- [Instructions to follow]:
Once the line holding "Amazing living room" is found in the listing below, write it out and each later line exactly, up to and including the one holding "The set comes in a great original".

##############################

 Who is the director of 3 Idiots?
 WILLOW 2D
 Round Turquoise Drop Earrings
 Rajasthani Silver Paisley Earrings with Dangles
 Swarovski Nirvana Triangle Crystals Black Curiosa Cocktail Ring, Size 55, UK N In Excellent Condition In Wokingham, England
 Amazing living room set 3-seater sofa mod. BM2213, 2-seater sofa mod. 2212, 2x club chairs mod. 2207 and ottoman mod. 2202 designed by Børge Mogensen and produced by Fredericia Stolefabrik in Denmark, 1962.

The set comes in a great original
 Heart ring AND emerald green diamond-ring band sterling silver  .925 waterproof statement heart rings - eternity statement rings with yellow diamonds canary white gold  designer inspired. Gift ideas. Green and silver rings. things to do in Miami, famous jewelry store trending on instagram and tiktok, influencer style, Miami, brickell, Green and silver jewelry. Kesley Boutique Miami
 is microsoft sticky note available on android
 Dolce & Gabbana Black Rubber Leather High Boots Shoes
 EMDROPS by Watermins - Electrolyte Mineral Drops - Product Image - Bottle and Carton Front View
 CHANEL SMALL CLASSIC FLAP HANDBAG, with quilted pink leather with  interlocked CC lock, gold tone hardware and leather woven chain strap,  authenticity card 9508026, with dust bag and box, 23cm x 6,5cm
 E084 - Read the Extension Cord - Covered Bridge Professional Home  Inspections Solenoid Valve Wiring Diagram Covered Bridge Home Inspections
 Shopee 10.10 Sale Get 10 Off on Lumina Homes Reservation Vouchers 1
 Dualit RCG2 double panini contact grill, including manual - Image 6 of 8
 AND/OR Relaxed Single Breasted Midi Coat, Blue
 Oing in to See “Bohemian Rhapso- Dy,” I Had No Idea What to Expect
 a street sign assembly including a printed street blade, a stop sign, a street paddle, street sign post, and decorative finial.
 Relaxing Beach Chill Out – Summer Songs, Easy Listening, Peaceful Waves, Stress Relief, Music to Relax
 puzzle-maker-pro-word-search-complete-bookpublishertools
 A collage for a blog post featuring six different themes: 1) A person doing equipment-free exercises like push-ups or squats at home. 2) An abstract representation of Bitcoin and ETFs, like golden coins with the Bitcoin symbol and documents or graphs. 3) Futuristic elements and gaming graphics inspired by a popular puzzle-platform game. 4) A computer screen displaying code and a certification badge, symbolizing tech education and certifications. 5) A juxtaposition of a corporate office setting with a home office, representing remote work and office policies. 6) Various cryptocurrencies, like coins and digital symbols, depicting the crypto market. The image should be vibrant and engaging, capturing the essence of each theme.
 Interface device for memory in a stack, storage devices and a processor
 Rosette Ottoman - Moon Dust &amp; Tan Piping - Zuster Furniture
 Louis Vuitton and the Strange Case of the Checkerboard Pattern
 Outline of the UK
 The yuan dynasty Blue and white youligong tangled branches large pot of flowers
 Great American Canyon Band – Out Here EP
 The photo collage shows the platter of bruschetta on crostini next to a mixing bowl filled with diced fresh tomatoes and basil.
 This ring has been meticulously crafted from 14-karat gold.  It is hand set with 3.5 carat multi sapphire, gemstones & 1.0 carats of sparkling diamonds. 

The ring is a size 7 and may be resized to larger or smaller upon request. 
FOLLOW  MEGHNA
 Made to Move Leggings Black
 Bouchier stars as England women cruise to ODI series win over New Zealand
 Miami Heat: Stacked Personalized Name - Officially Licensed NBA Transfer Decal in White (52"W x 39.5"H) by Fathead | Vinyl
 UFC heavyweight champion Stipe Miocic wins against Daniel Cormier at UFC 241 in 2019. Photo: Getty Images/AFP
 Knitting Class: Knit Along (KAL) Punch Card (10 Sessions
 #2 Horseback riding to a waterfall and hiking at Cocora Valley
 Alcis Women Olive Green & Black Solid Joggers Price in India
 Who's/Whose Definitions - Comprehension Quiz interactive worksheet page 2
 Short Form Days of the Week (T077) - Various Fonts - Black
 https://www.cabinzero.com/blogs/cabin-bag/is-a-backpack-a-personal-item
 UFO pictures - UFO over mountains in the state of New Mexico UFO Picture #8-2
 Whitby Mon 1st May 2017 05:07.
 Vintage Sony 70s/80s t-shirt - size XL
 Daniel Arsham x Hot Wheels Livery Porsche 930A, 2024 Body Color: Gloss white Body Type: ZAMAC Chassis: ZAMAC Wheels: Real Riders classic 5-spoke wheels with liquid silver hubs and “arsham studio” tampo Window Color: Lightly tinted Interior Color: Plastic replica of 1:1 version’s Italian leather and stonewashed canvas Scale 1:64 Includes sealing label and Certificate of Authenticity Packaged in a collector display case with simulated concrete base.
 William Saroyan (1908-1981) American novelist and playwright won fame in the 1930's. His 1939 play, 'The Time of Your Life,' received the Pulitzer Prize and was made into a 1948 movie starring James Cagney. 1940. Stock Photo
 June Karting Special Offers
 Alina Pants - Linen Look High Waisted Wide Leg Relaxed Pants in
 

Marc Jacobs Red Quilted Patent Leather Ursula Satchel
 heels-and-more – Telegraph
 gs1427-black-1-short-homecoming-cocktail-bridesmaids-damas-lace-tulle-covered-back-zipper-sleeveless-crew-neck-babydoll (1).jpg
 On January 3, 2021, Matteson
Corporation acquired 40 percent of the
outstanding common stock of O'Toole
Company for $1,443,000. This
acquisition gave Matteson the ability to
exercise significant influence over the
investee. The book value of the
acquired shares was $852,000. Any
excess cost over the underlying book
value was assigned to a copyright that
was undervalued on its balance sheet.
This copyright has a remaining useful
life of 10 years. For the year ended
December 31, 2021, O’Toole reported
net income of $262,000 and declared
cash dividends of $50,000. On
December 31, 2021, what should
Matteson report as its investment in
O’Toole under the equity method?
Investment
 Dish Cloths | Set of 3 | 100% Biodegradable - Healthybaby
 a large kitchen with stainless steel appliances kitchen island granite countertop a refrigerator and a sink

##############################

- [Result of this exercise]:
 Amazing living room set 3-seater sofa mod. BM2213, 2-seater sofa mod. 2212, 2x club chairs mod. 2207 and ottoman mod. 2202 designed by Børge Mogensen and produced by Fredericia Stolefabrik in Denmark, 1962.

The set comes in a great original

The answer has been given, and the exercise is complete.